Гитлеровцы все ближе и ближе. Все сильнее сжимает Володя ложе карабина. «Почему нет команды, почему никто не стреляет?» — думает он.
Еще минута-другая, и фашисты подойдут совсем близко!..

И вдруг короткое:

Огонь!
Володя не слышал выстрела своего карабина. Он слился с дружным треском пулеметов и автоматов. Мальчик только почувствовал легкий толчок в правое плечо и увидел, как шлепнулся на землю правофланговый.
Упали и другие гитлеровцы — кто подкошенный пулей, кто спасаясь от нее. Но красноармейцы не прекращали огня. Они расстреливали тех, кто полз и двигался короткими перебежками. Нельзя было допустить врага к форту: в рукопашной схватке трудно было бы устоять перед такой лавиной. И фашисты не выдержали, побежали назад.
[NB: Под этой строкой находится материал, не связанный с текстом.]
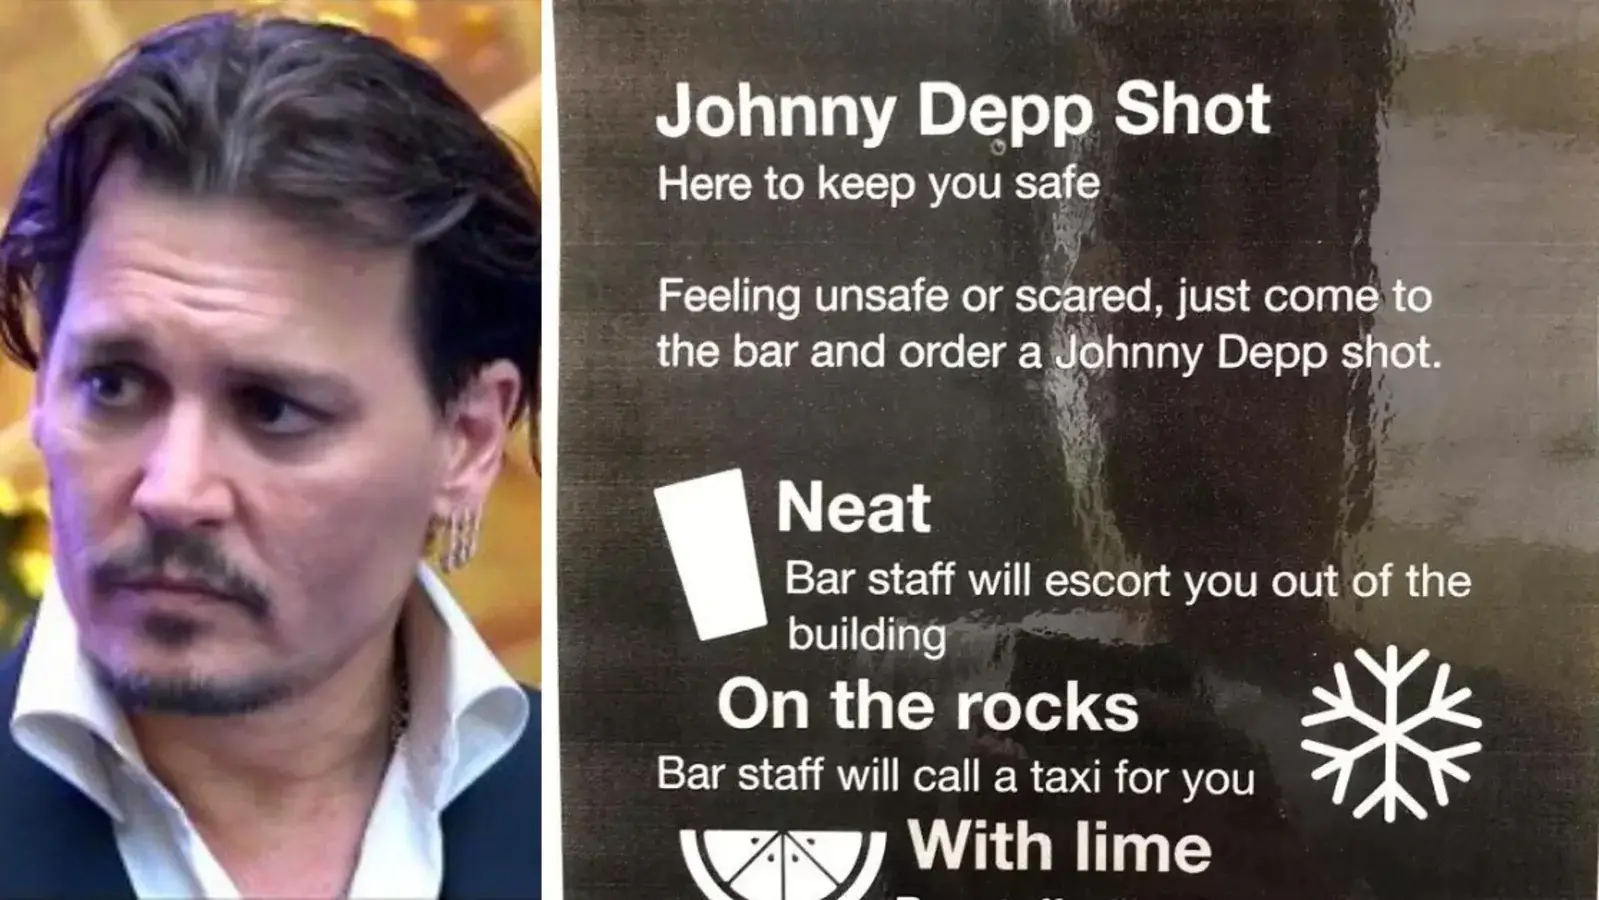 'असुरक्षित या डरा हुआ' महसूस करने वाले पुरुष ग्राहकों के लिए बार ने 'जॉनी डेप शॉट्स' बेचे
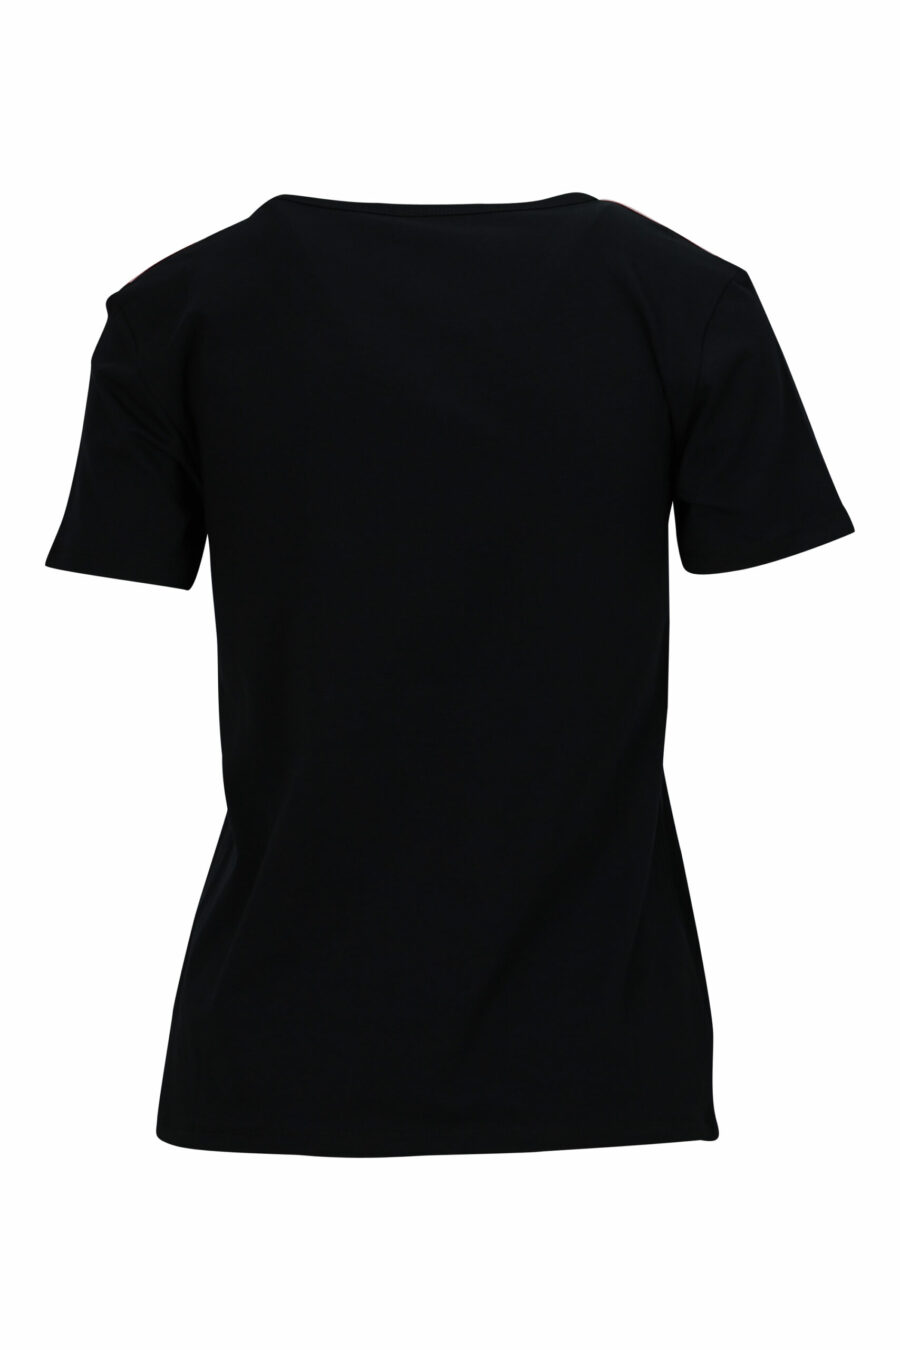 T-shirt noir avec logo monochrome sur les épaules - 667113696690 1 scaled

Володя вздохнул с облегчением. Рядом с ним кто-то тоже громко вздохнул. Горнист обернулся и увидел пожилого усатого пулеметчика, старательно вытиравшего лицо пилоткой. Тот тоже смотрел на Володю.

— Ты откуда такой взялся? — спросил пулеметчик.

— А я в госпитале был, помогал. Теперь я тут… отпустили на два часа…

— Страшно? — в глазах пулеметчика заиграли лукавые огоньки.

— Не очень,— ответил Володя.

— Ты бы воды принес, сынок. Ребята от жажды пропадают. Она, проклятая, сильнее, чем фашисты, донимает.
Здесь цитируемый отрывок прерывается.